# Lobster and lion fish



## Fool4fishin (Nov 1, 2016)

My brother and I were discussing Rob from DMFD on youtube. He is an avid outdoorsman down in Jupiter, FL. He often harvests lobster and lion fish. We were just wondering if they can be found in the panhandle? If so, what are the likely areas? Hmmm JUST THINKING.😒😕😏


----------



## sealark (Sep 27, 2007)

Yes both are in this area Lobster and Lionfish. Lionfish are everywhere. Lobster are also in the Gulf usually in deep water over 100 ft deep and they are bigger than in the Keys.


----------



## Fool4fishin (Nov 1, 2016)

Wow!

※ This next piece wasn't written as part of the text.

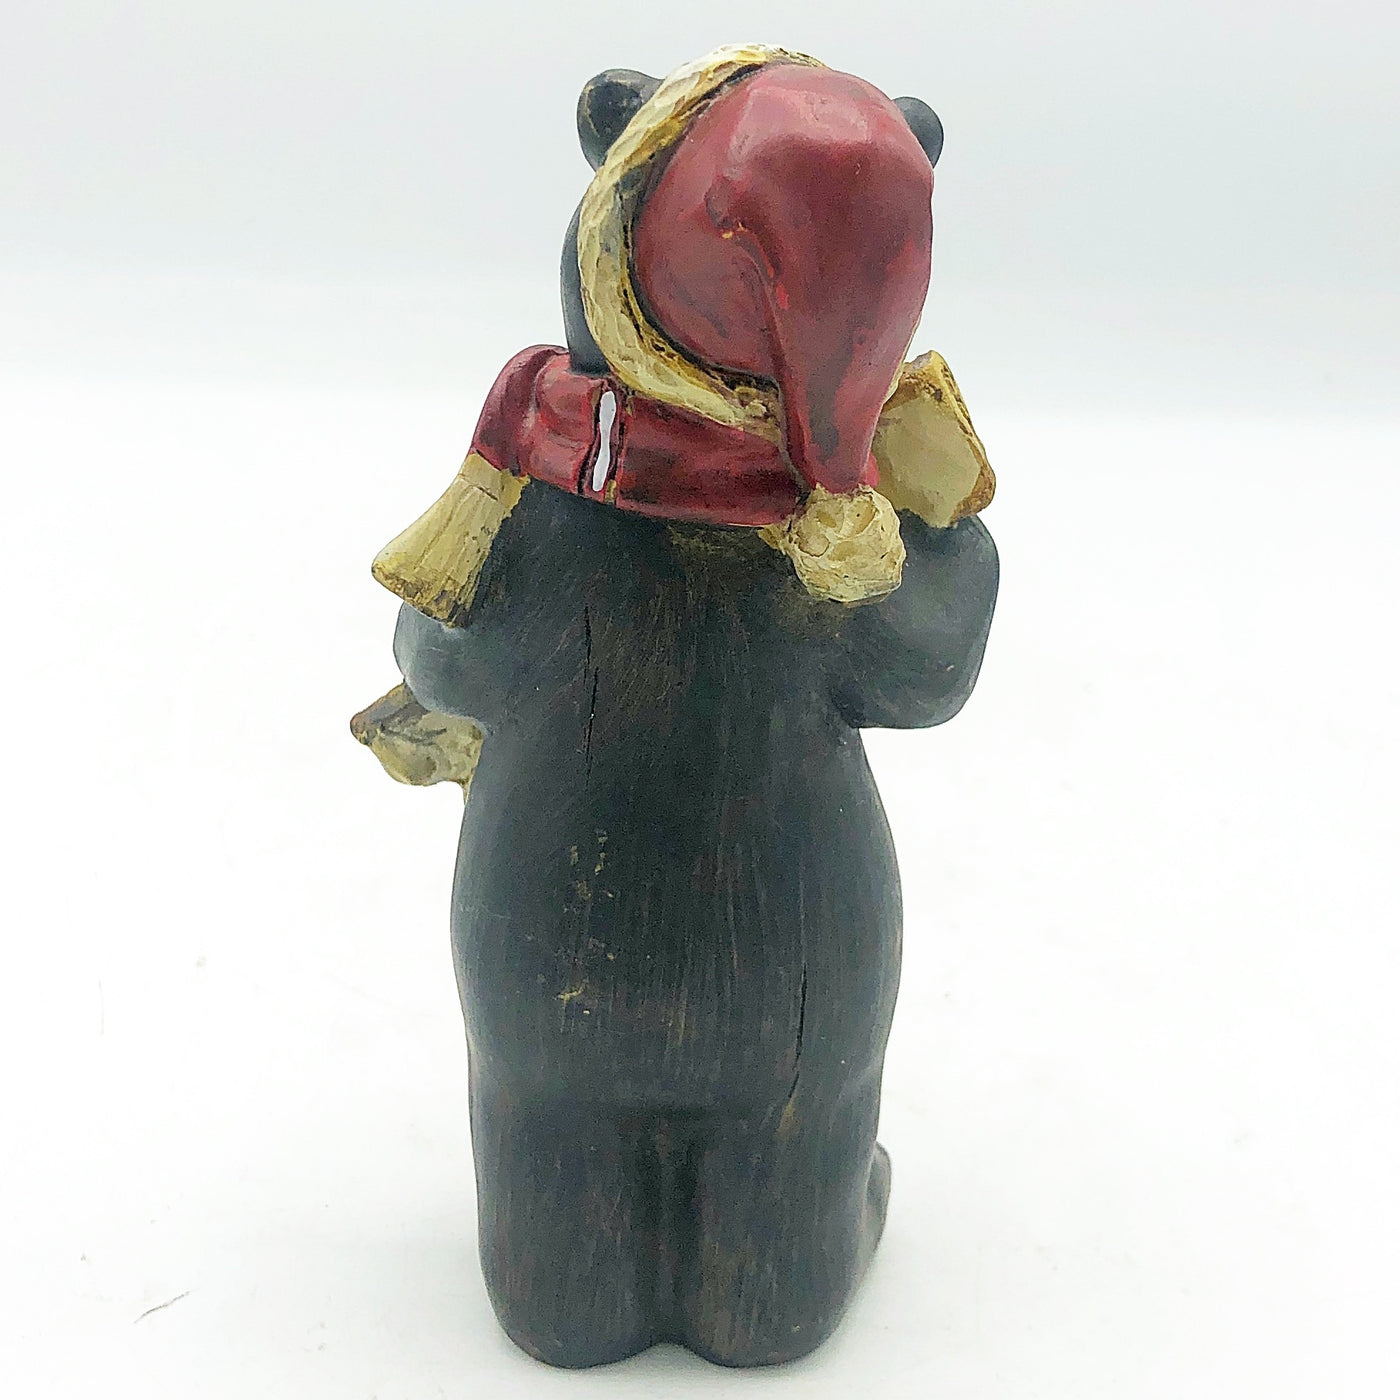 💙 Black Bear with Peace Banner 5.5" Resin Figure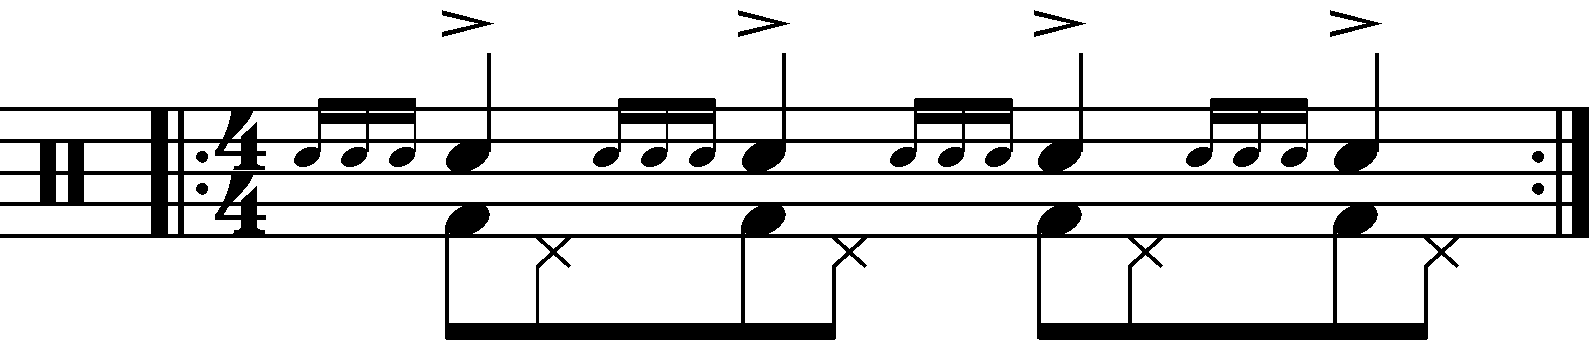 A Four Stroke Ruff with eighth note feet

I never imagined! My brother is going to try some spear fishing for lion fish. Thanks for the info.


----------



## RayM (Nov 14, 2018)

sealark said:


> Yes both are in this area Lobster and Lionfish. Lionfish are everywhere. Lobster are also in the Gulf usually in deep water over 100 ft deep and they are bigger than in the Keys.


you're quite right Sealark. my fiancee can confirm it. He was fishing in the Keys and got pretty big one.


----------



## TheBeeDeeGee (Oct 3, 2017)

I've seen lionfish on most all of the deeper wrecks offshore (~100ft). Although I have seen a few on some big pyramids that were in about 60 ft.


----------